PARIS - Much of Europe is again sweltering under soaring temperatures - and struggling with extreme dryness and forest fires. Summer heatwaves are becoming the new normal across the region. But as governments cope with the coronavirus pandemic, some experts fear this environmental red flag is not getting the attention it deserves.
Not so long ago, a rainy, cold August in Paris might surprise tourists, but not Parisians. That now seems like ancient history. Temperatures hit nearly 40 degrees Celsius last week - or more than 104 degrees Fahrenheit. And after a brief cooling lull at this start of this one, they're supposed to climb again.
It's a similar story across much of France-where about two-thirds of the country's 101 administrative departments face water restrictions after excessive dry weather. Rainfall is at its lowest level in more than 60 years.
Other European countries, including Spain, Italy and Britain are also seeing sizzling temperatures.
Some weather experts link the dry and hot weather directly to climate change. Others are more nuanced.
"We see climate change is definitely a motor... making these events more frequent and also much more violent and heavy," said Klaus Röhrig, climate and energy policy coordinator at Brussels-based NGO Climate Action Network Europe.
Röhrig has also been trying to stay cool in Belgium's capital - and he's worried about the implications of a future of higher temperatures. He says sounding the alarm in European capitals coping with the coronavirus pandemic has gotten harder. But extreme weather and health events are interlinked - both, for example, are putting pressure on health care systems.
Hot, dry European summers have been a pattern in recent years. 2019 saw another record-breaking heatwave and drought across parts of the region. Animal and plant life are under stress.

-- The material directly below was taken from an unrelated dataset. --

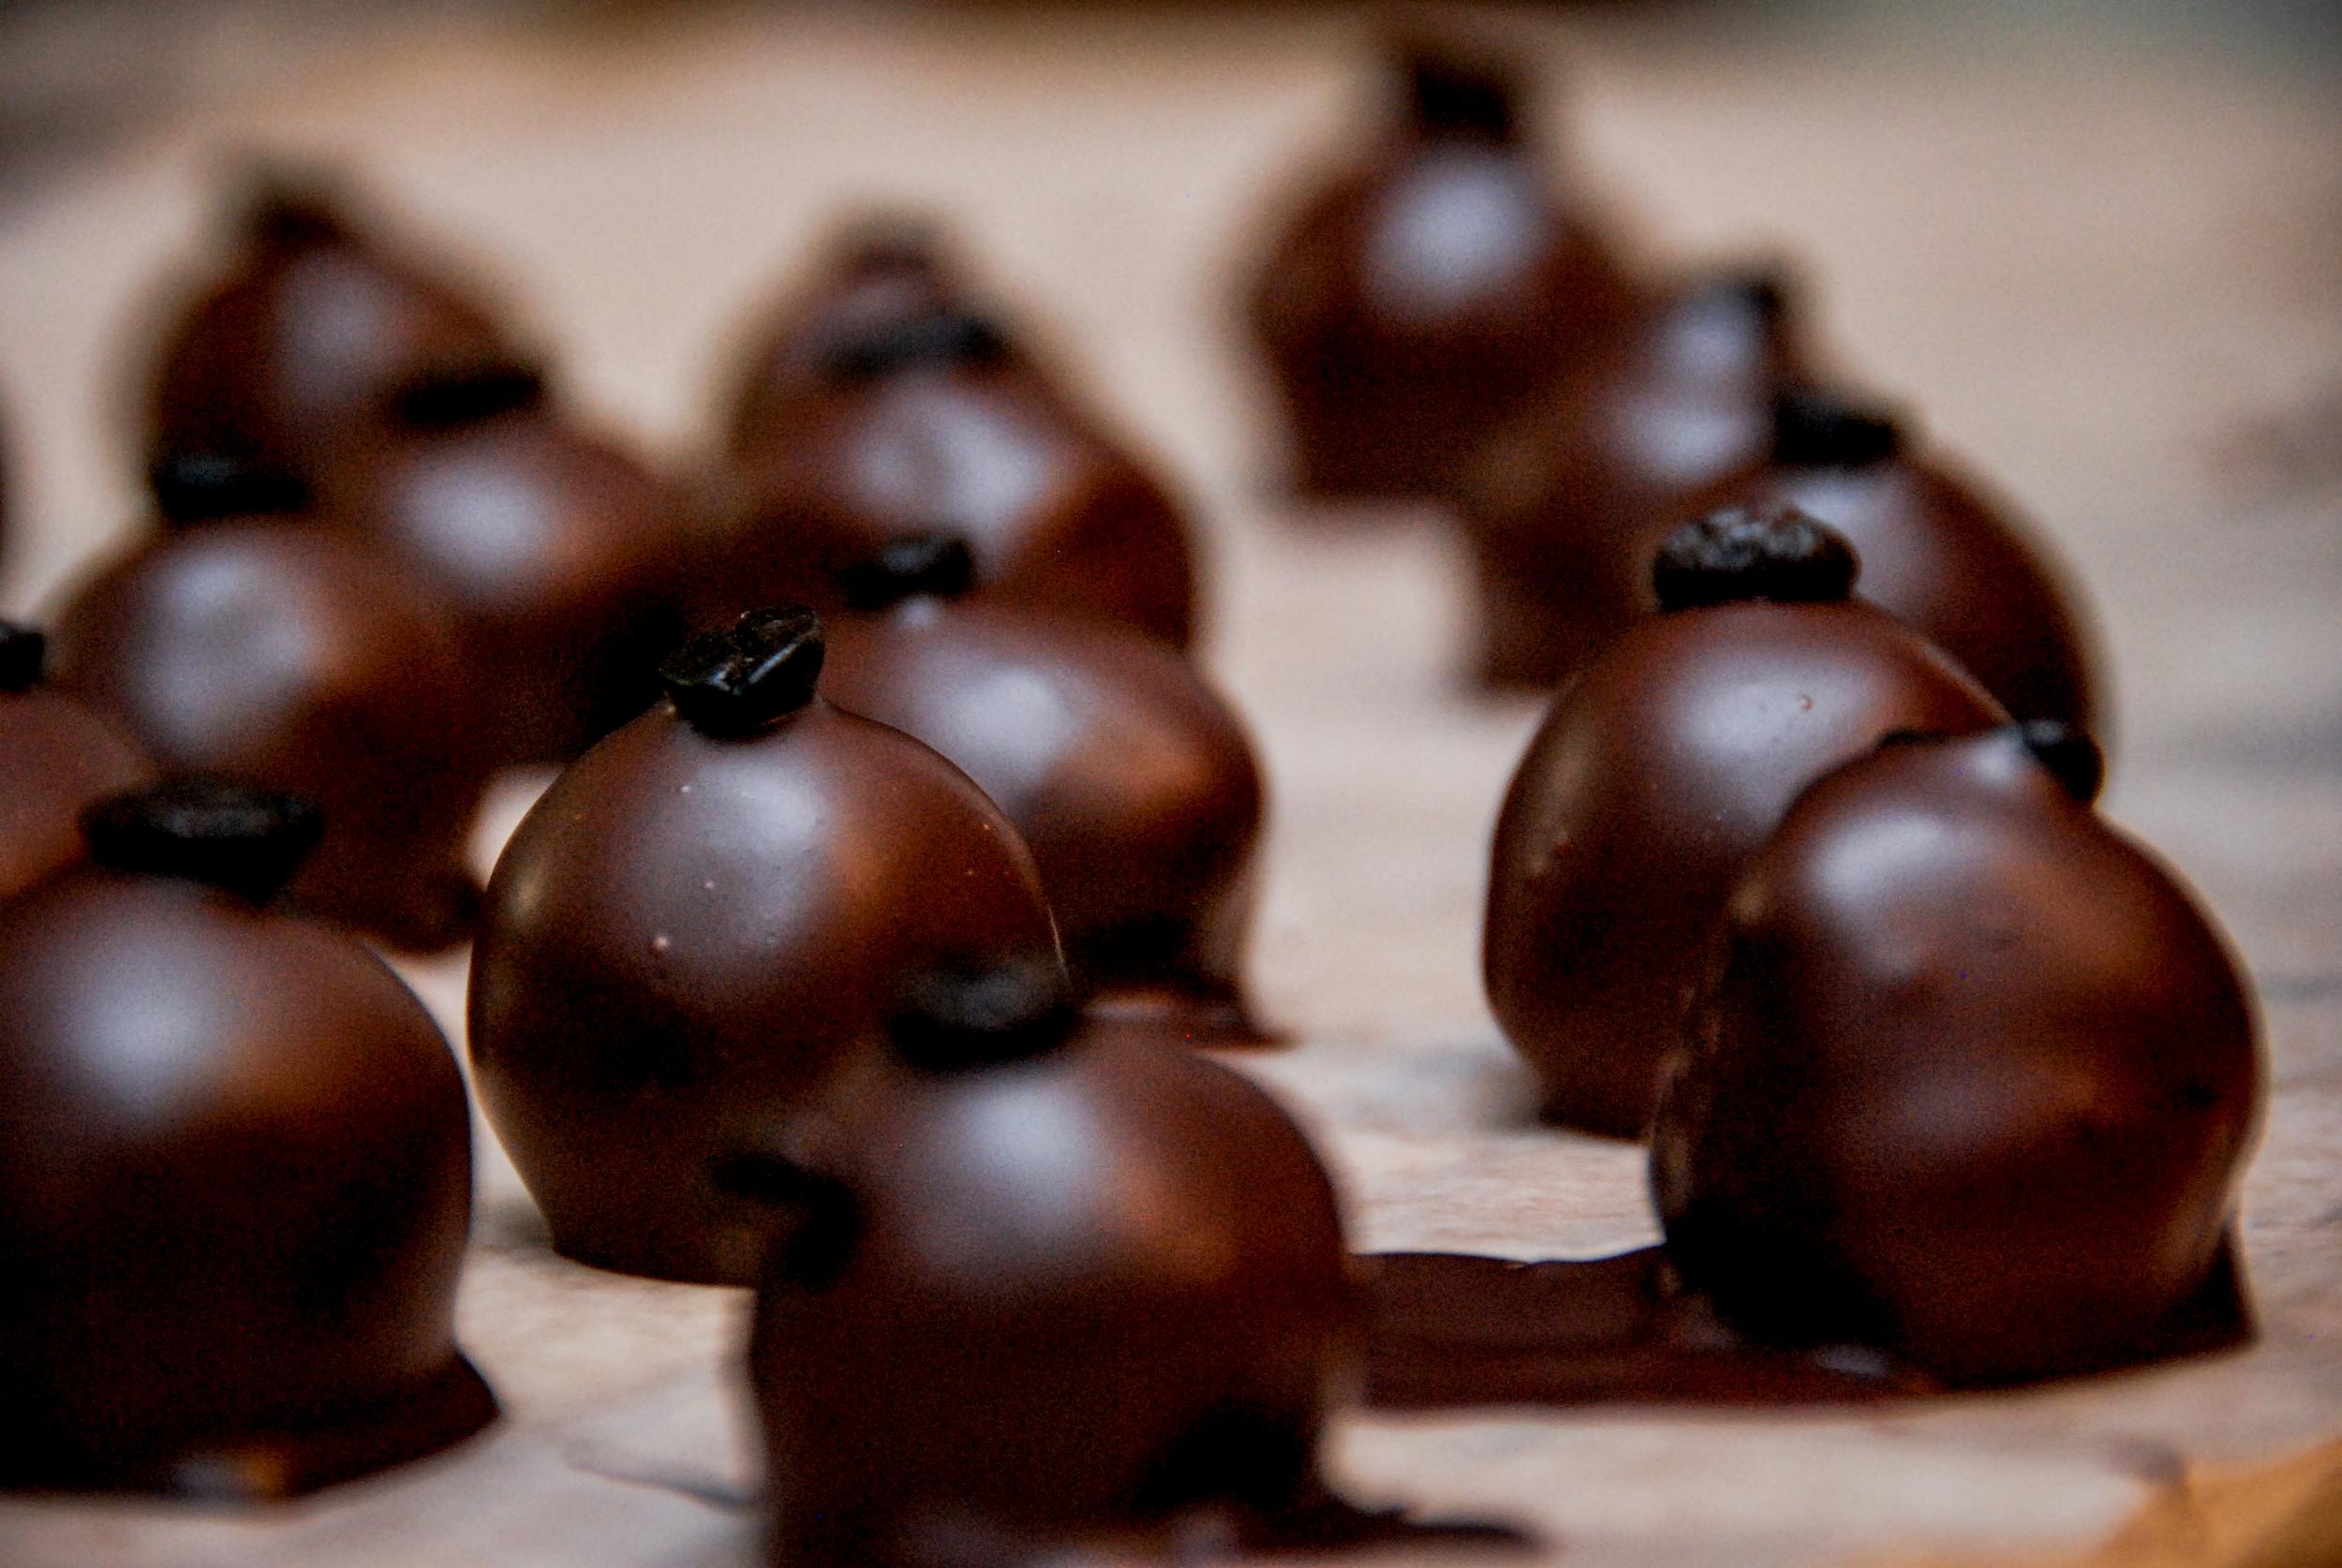 Image: CAO Artisan Chocolates

A new study by Potsdam University and the German Research Centre for Geosciences GFZ finds recent droughts in central Europe have seriously depleted groundwater resources that forests depend on, leaving a major deficit despite winter rains. The study looked at five countries: Germany, Poland, Switzerland, Austria and the Czech Republic.
Eva Boergens, one of the researchers of the study, says, "If we look at the last years, 2018 and 2019, and compare them to the last 20 years where we have data, they are by far the driest years in the whole time. And we have also data from 2020 until June, and it seems like the drought is ongoing and this year is as worse [bad] as last year."
Boergens, says forests can cope with one year of drought, but not successive ones. And, at least in her native Germany, she says there does not seem to be a sense of urgency.
"We don't see much actions against the drought. At least this year we had some rainfall already. So, people tend to say like 'oh yeah it's fine again,' but it's [water stored underground] still missing," she said.
Another study by the University of Basel also finds dry weather and heat are inflicting long-term damage on European forests, especially pine and beech trees. Last year, the European Union Environmental Agency said warming weather is already triggering a major decline in biodiversity.